Говоря «еврейский артист», я ни в коем случае не имел в виду ничего местечкового. Когда он сбрасывал маску, посреди пустой сцены оставался одинокий джентльмен, подчеркивающий своим джентльменством свое одиночество. А ведь он был действительно один-единственный в своем роде. К тому времени, когда мы познакомились, еврейский театр, и не только Михоэлса, был уже стерт с лица советской земли. Еврейские артисты пошли кто куда, чаще всего — в театр кукол. Кое-кого, если не ошибаюсь, Аркадий Исаакович взял в свою труппу. Но факт, что со сцены исчез еврейский язык… А Райкин сам по себе и на русском языке был еврейским театром.
Я не хочу отодвинуть в небытие остальных артистов Театра миниатюр под руководством Райкина. Они сами наступали на горло собственной песне. Да и мы, авторы, вместе с ними «отыгрывали короля» — зритель не только не знал наших фамилий, он вообще не подозревал о нашем существовании. А между тем райкинские авторы: от Владимира Соломоновича Полякова и до Михал Михалыча Жванецкого — это тоже еврейский театр Райкина. Порой, подбирая авторов, Аркадий Исаакович ходил по краю пропасти. Так, Александр Хазин, который попал в доклад Жданова и постановление ЦК вместе с Ахматовой и Зощенко с клеймом «пошляк Хазин», был даже оформлен у Райкина заведующим литературной частью и получал зарплату.

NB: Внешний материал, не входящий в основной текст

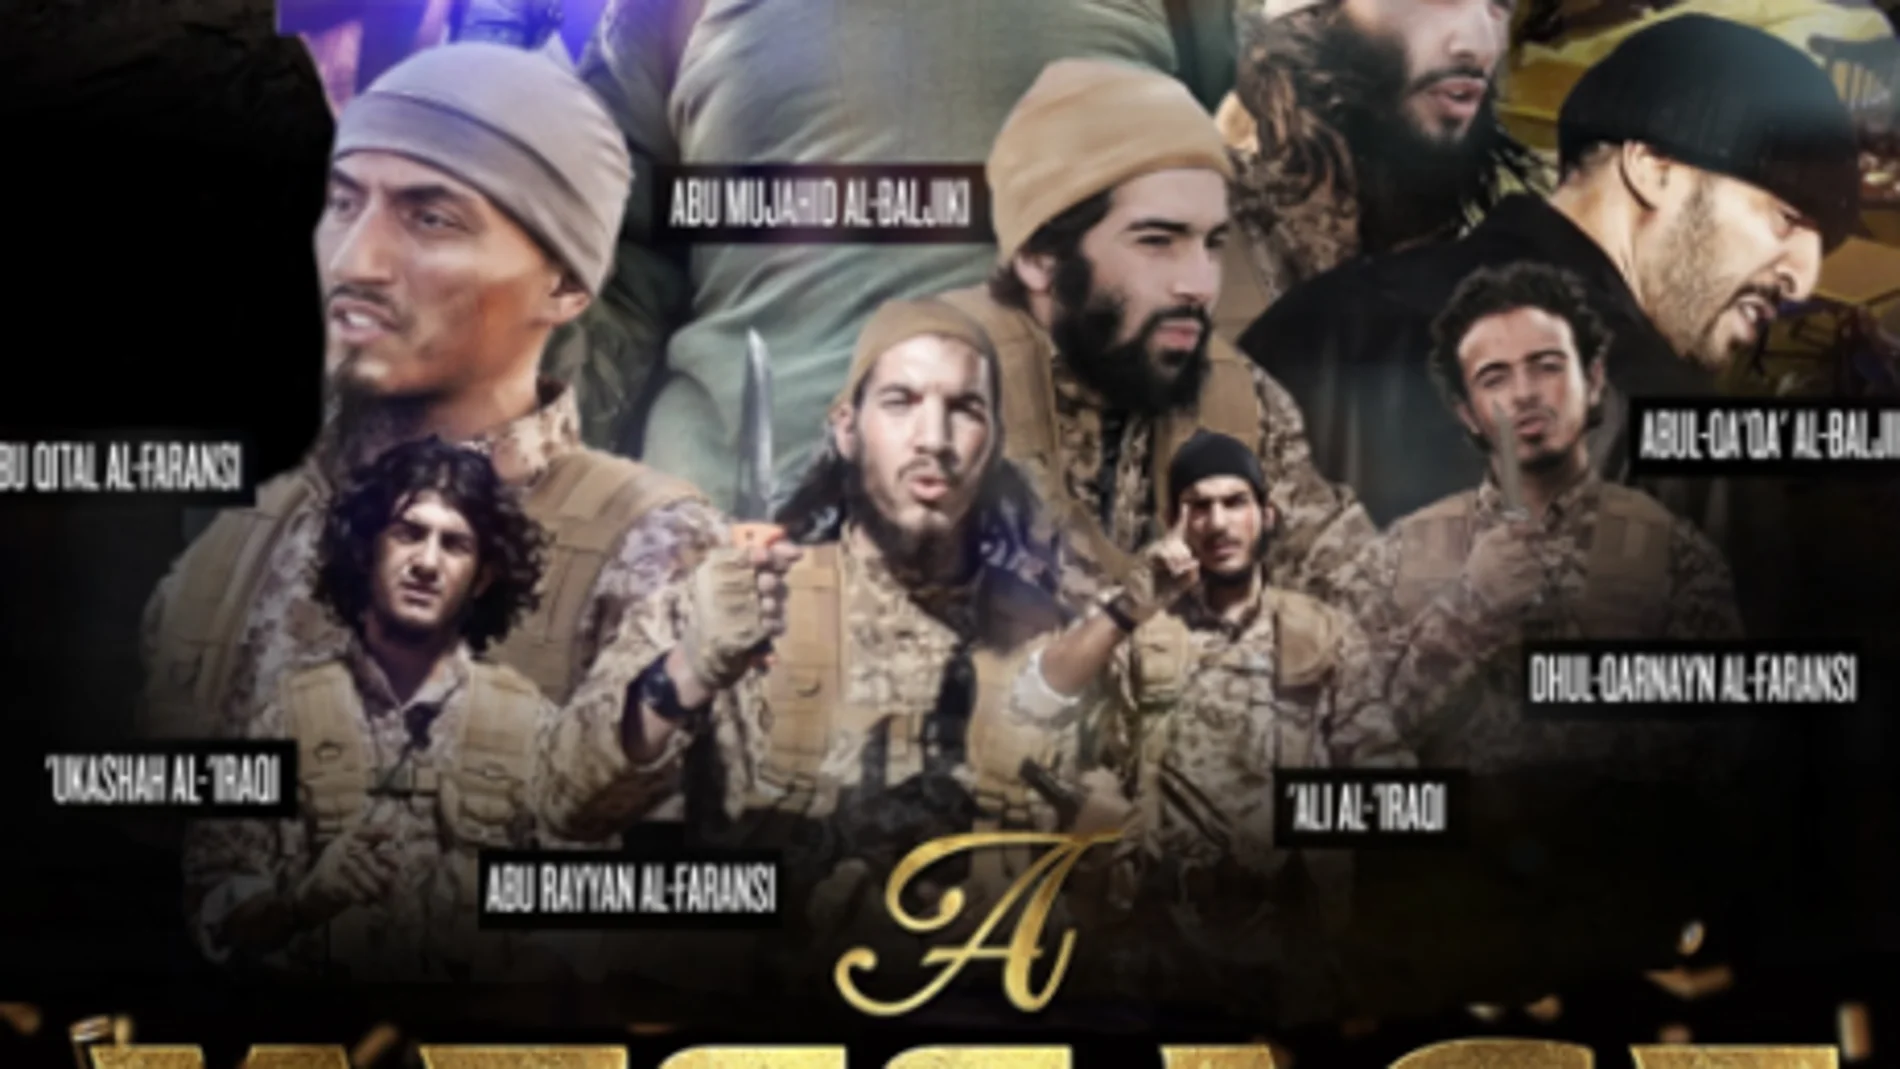 La imagen de portada del artículo muestra a los yihadistas que cometieron los atentados de noviembre de 2015 en París

Но всех — актеров, режиссеров, драматургов — Райкин жестко, даже жестоко подминал под себя, под свои замыслы. Его тяжелую руку мы испытали на себе при первой встрече. Нас с Володей Тихвинским (с ним мы более тридцати лет проработали в паре) представил Аркадию Исааковичу поэт Назым Хикмет. Переводчица Хикмета Муза Павлова привезла нас на машине в Переделкино, на литфондовскую дачу, где он тогда жил. Разговор носил какой-то польско-турецко-еврейский характер. Бежав из турецкой тюрьмы, Назым принял не советское, а польское подданство, потому что, естественно, не хотел, чтобы с ним проделали то, что Сталин уже проделал с другими турецкими коммунистами. И, конечно, тут же выплыл анекдот о еврее, который принял турецкое подданство, — «затурканный еврей», а потом, как всегда бывает, еврейский вопрос возобладал над всеми другими вопросами, и Назым завелся на анекдоты про пана Кона (под этой фамилией в Польше и Чехословакии фигурирует наш родной Рабинович).
Например, Кона спрашивают при приеме в партию:
– Что вы будете делать, если откроют границу с ФРГ?
– Я залезу на дерево.
– Зачем?!
– Чтобы меня не затоптали, когда все кинутся туда.
Словом, этот вечер с лауреатом Ленинской премии Назымом Хикметом прошел в атмосфере сплошной антисоветчины. И когда на выезде с литфондовской дачи нам преградила дорогу «Волга», став поперек шоссе, и из нее вышли двое в кожаных пальто, я как-то даже не очень удивился. Скорей всего, дача была нашпигована микрофонами… Один «кожан», высокий (его лица я не разглядел — видел только кожаную грудь) каким-то «засекреченным» голосом назвал мою фамилию (откуда он мог ее узнать на шоссе?) и велел пройти в машину. Другой, приземистый, проделал то же самое с Тихвинским… Но тут мы их стали узнавать: сперва приземистого — это был поэт Гриша Поженян, мы с ним росли в Харькове в Мордвиновском переулке возле синагоги, а второй, с «засекреченным» голосом, оказался… Райкиным. В жизни он только так и разговаривал, как будто по секрету, потому что экономил голос, жесты, сердце — все только для сцены.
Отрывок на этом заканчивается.